Smad2 and Smad3 play differential roles in the regulation of matrix deposition-related enzymes in renal mesangial cells

Glomerulosclerosis, the very common feature of the end-stage renal disease is characterized by excessive extracellular matrix (ECM) deposition, especially by mesangial matrix deposition in glomeruli. Transforming growth factor-beta1-Smad (TGF-beta 1-Smad) signaling and connective tissue growth factor (CTGF) play important roles in the development of glomerulosclerosis. Together with membrane-type-1 matrix metalloproteinase (MT1-MMP) and tissue inhibitor of metalloproteinase-2 (TIMP-2), matrix metalloproteinase-2 (MMP-2) is responsible for the mesangial matrix degradation.
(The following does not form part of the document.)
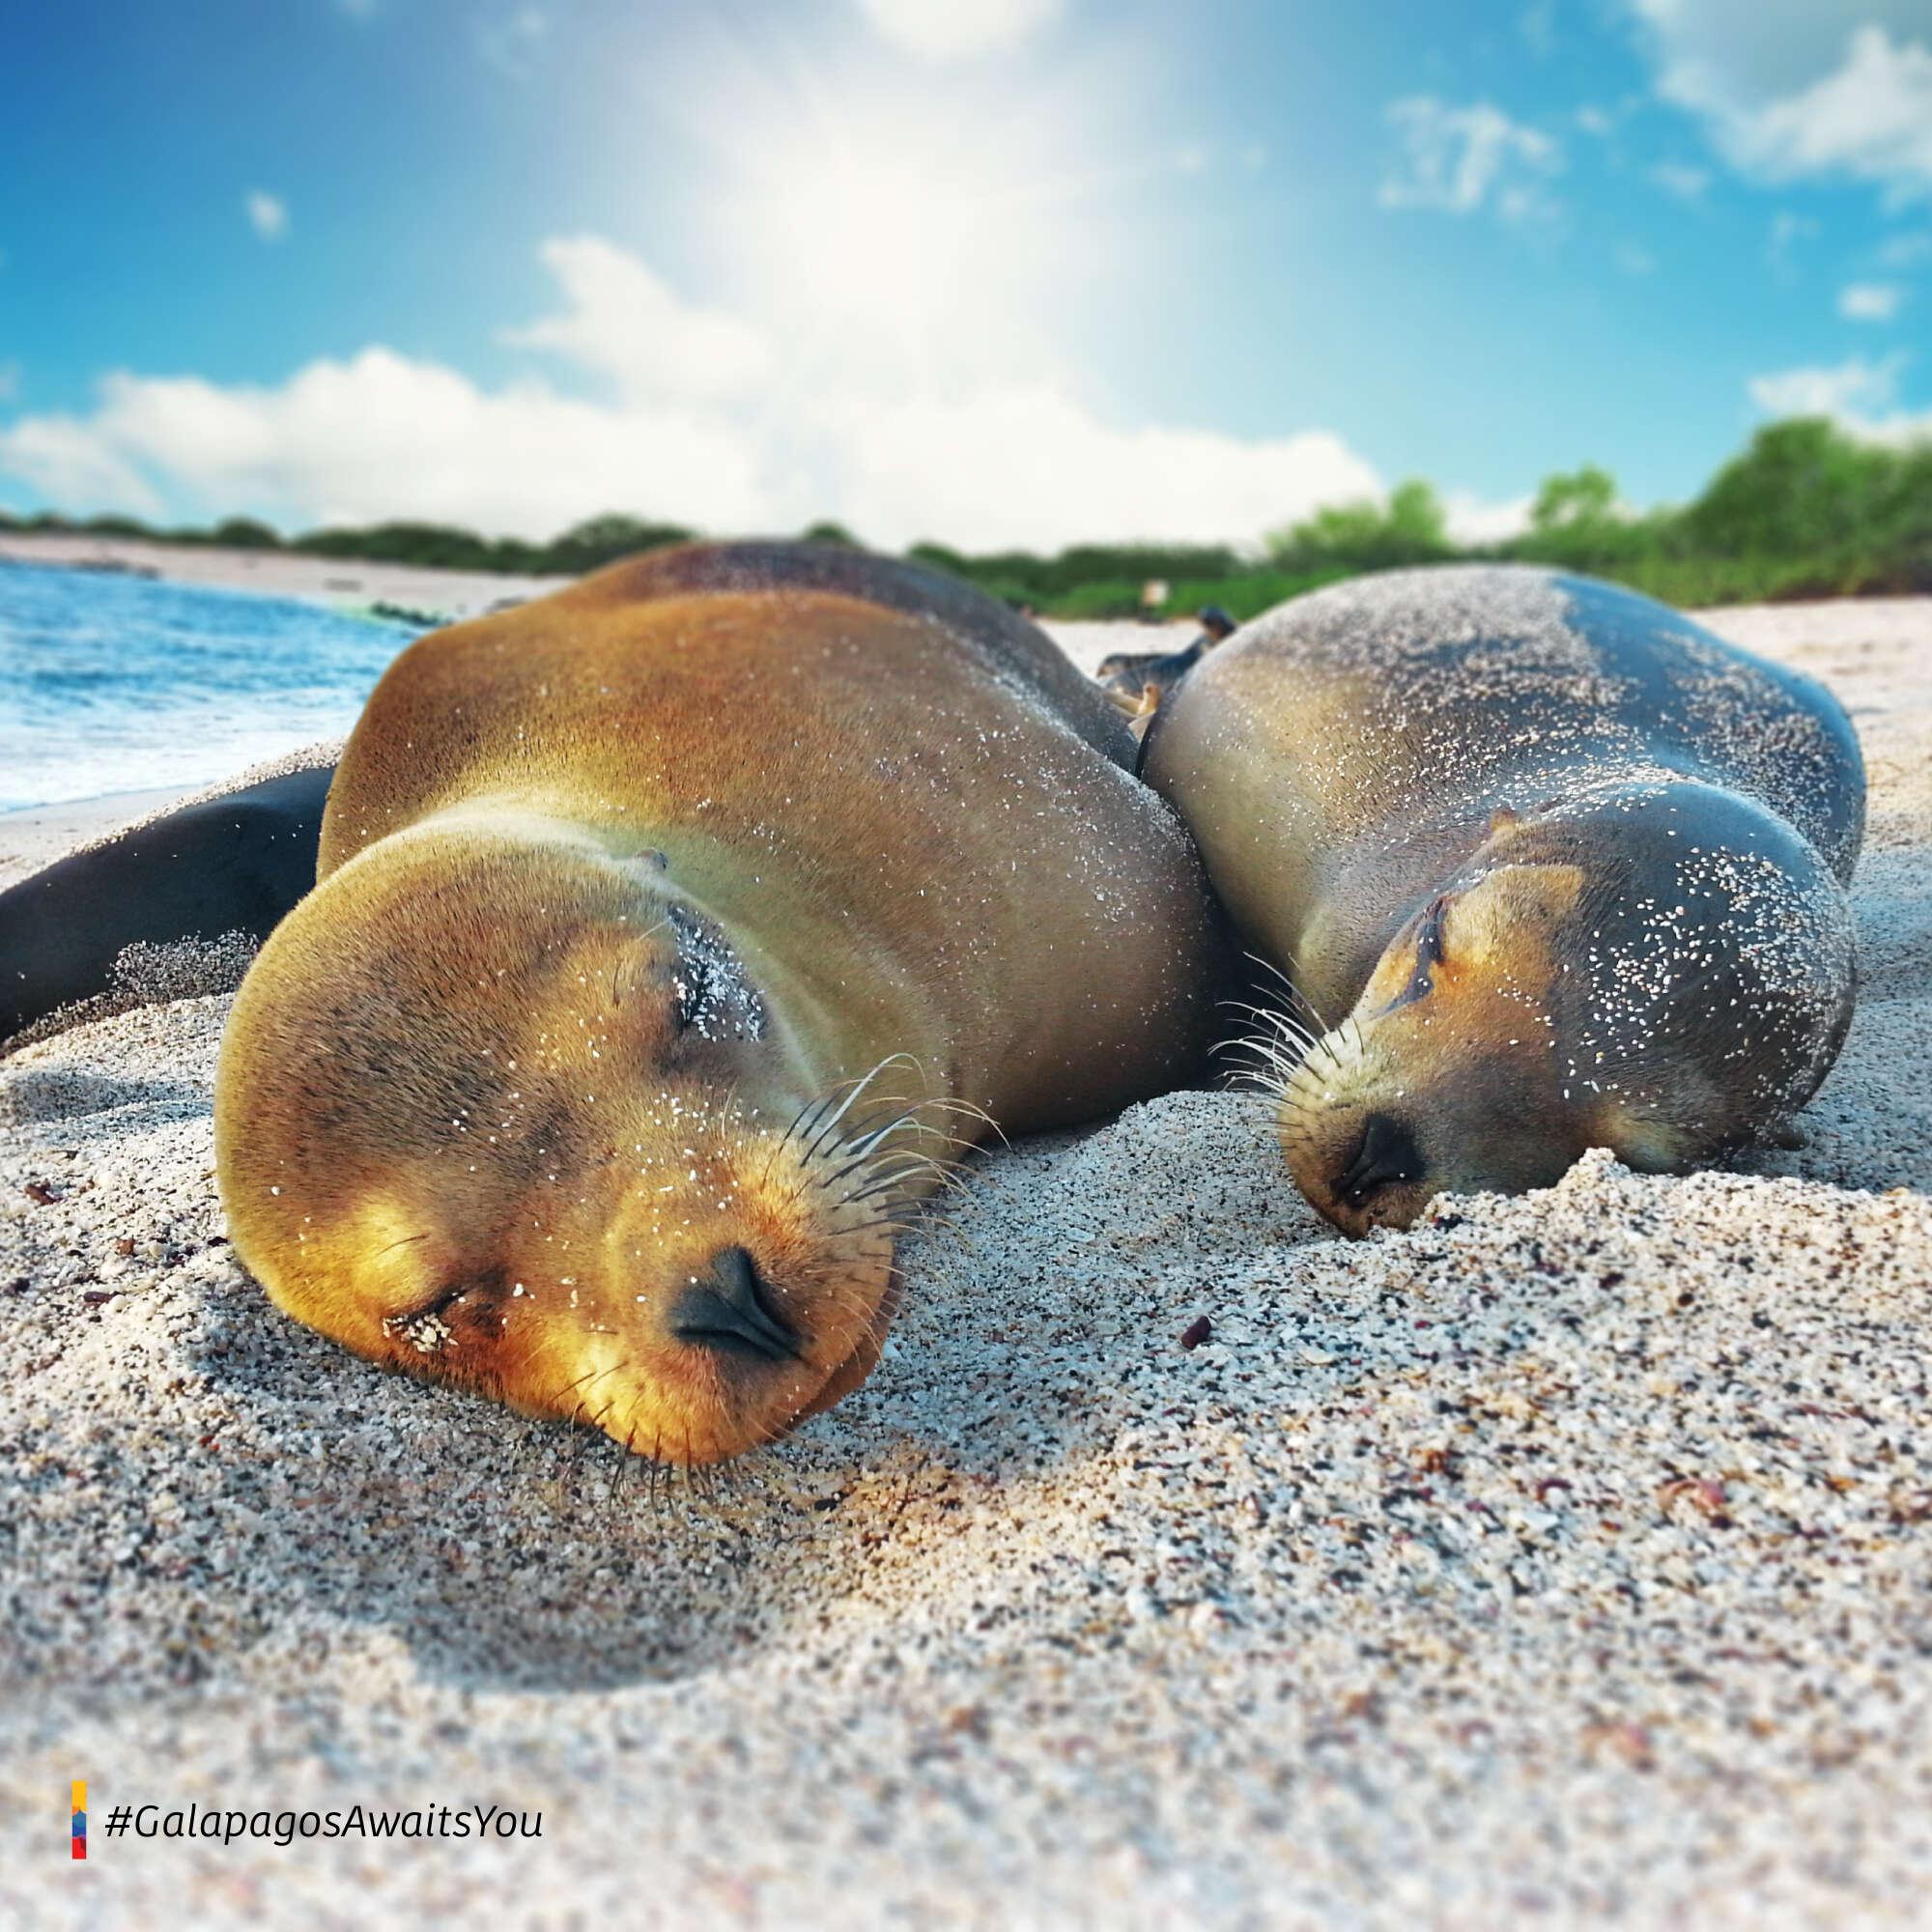 April 20 / San Cristobal Island – Hotel Blue Marlin

In the present study we aim to investigate the distinct contributions of Smad2 and Smad3 to the expressions of MMP-2, MT1-MMP, TIMP-2 and CTGF in response to TGF-beta 1 treatment in an in vitro culture model of HBZY-1 (rat glomerular mesangial cells). RNA interference was used to achieve selective and specific knockdown of Smad2 and Smad3. Cellular MT1-MMP, MMP-2, TIMP-2 and CTGF were assessed by Western blot. Their corresponding mRNA expressions were also assessed by real time RT-PCR. TGF-beta 1 treatment induced a fibrotic response with decreased expressions of MMP-2 and MT1-MMP while increased expressions of TIMP-2 and CTGF. The down-regulation of MMP-2 and MT1-MMP induced by TGF-beta 1 were Smad2-dependent, whereas the upregulation of CTGF were Smad3-dependent. Increases in TIMP-2 expression were dependent on both Smad2 and Smad3 and were abolished by combined knockdown of both Smad2 and Smad3. In conclusion, we have demonstrated the distinct roles of Smad2 and Smad3 in TGF-beta 1-induced expression of CTGF and the key enzymes responsible for mesangial matrix deposition in glomerular mesangial cells. This can be of therapeutic value in designing targeted anti-fibrotic therapies for glomerulosclerosis.